There was a great American who immortalized the passing of the Indians.His name was James Fenimore Cooper and his famous book was entitled " The Last of the Mohicans". Pat Cain was the "last of the Mohicans" of Deercreek township - the last of the pioneers of that beautiful valley. I was his family physician for forty years and I knew him like a top. I waited on ten children at that old farm home. He had 400 acres of land - all slough. When the mallards left the Ar tic circle, they headed down for Pat Cain's slough. He tiled every inch of it in big rubber boots from the homestead down to Dave Doyle's ravine two miles south.
Pat Cain was a grand, patriotic man, standing six feet, two inches in his socks; big, raw and husky, and with a gentle voice like an angel. There was never a man, woman, or child in Deercreek township that ever heard Pat Cain use an immoral word or say an unjust word against his neighbor. There was never a man, woman or child that heard Pat Cain swear or blaspheme the Blessed Name of his Redeemer. He was as honest as a priest. He was as patriotic as Abraham Lincoln and loved every sod of America as George Washington. He was a grand type of son of the old Irish immigrant, Simon Cain.
When I was in Iowa State university I used to teach elementary stuff under Dr. Walter Behring, now president of the state board of health, and another superb old man and a real medical scholar, Dr. Chase. So when I came to Clare with Bill Collins I was all cocked and primed for literary societies. I formed one, and Pat Cain, a real natural orator, was president, and old David Coughlin, was vice president. Pat had only one theme - that this was not Ireland, and that we should be more American than the Americans themselves.

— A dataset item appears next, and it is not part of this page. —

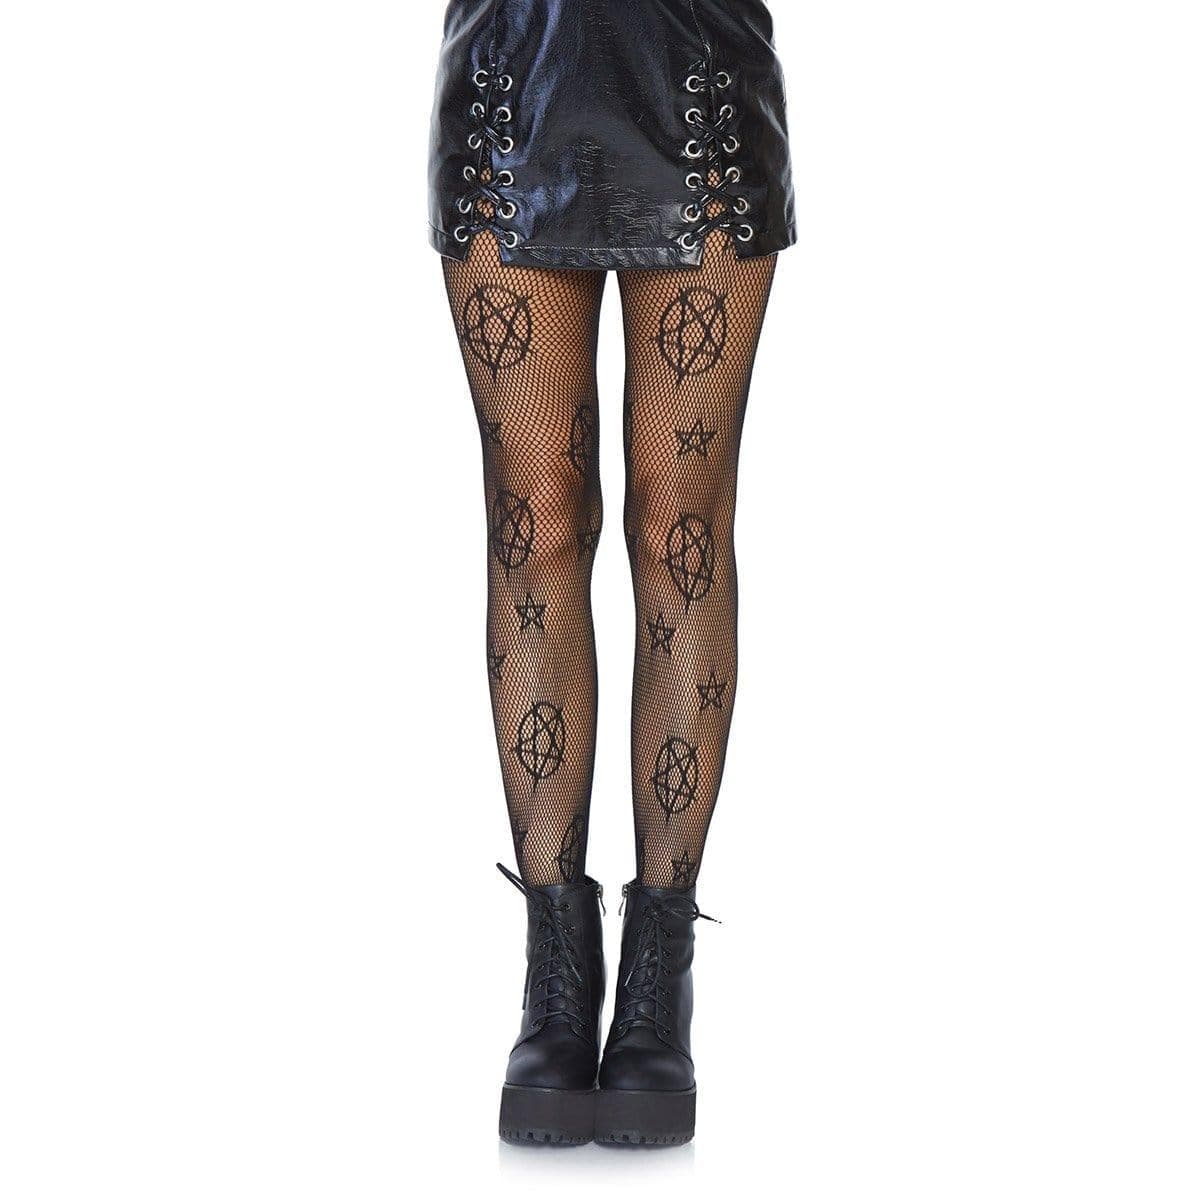 Buy Costume Accessories Black occult net tights for women sold at Party Expert
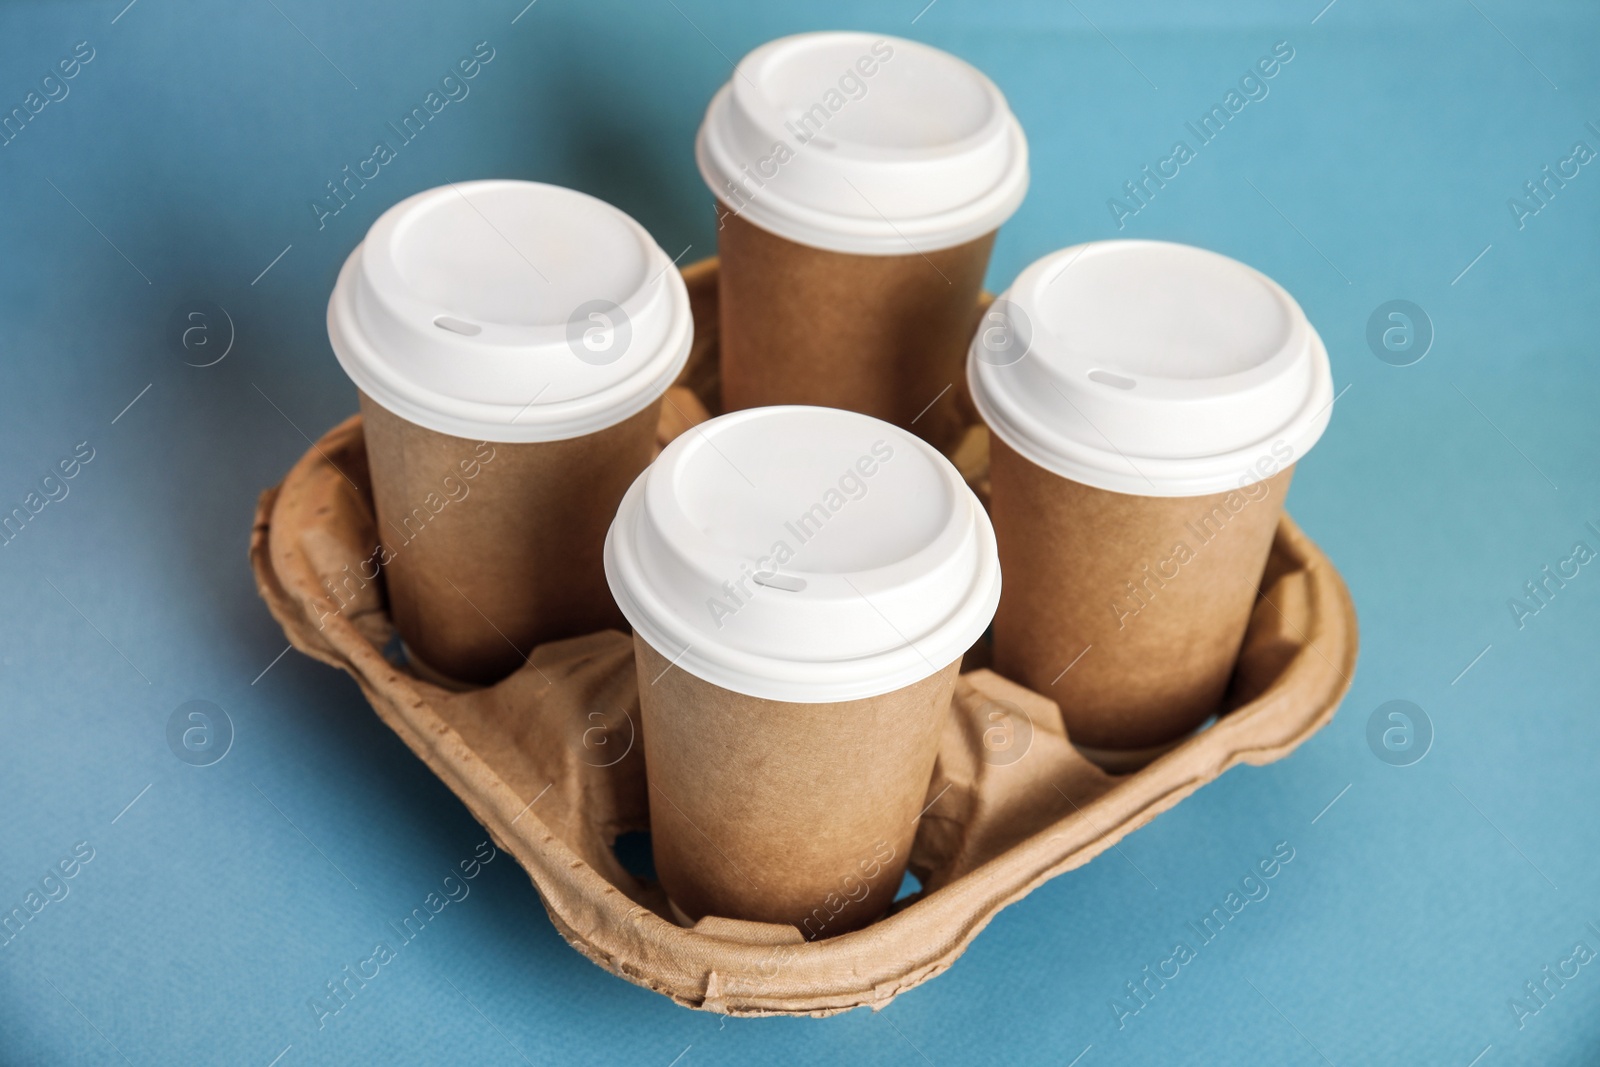 Photo of Takeaway paper coffee cups with plastic lids in cardboard holder on blue background

Franklin Delano Roosevelt was the god of his idolatry. He never quit praising the great president that
saved the land for the people; that gave homes to the people. One time I heard him orate
on the victor at Flavian Amphitheater at Rome and all he got from the Ceasar's and the Antonines was a wreath of wild olives. He often
said let us give a wreath of wild olive to the man that saved the land the homes for the people. You know the great Irish poet and dramatist Oliver Goldsmith says;
" Princes and lords may flourish and may fall,
A breath can take them as a breath has made,
But a bold peasantry, their county's pride,
When once destroyed, can never be supplied."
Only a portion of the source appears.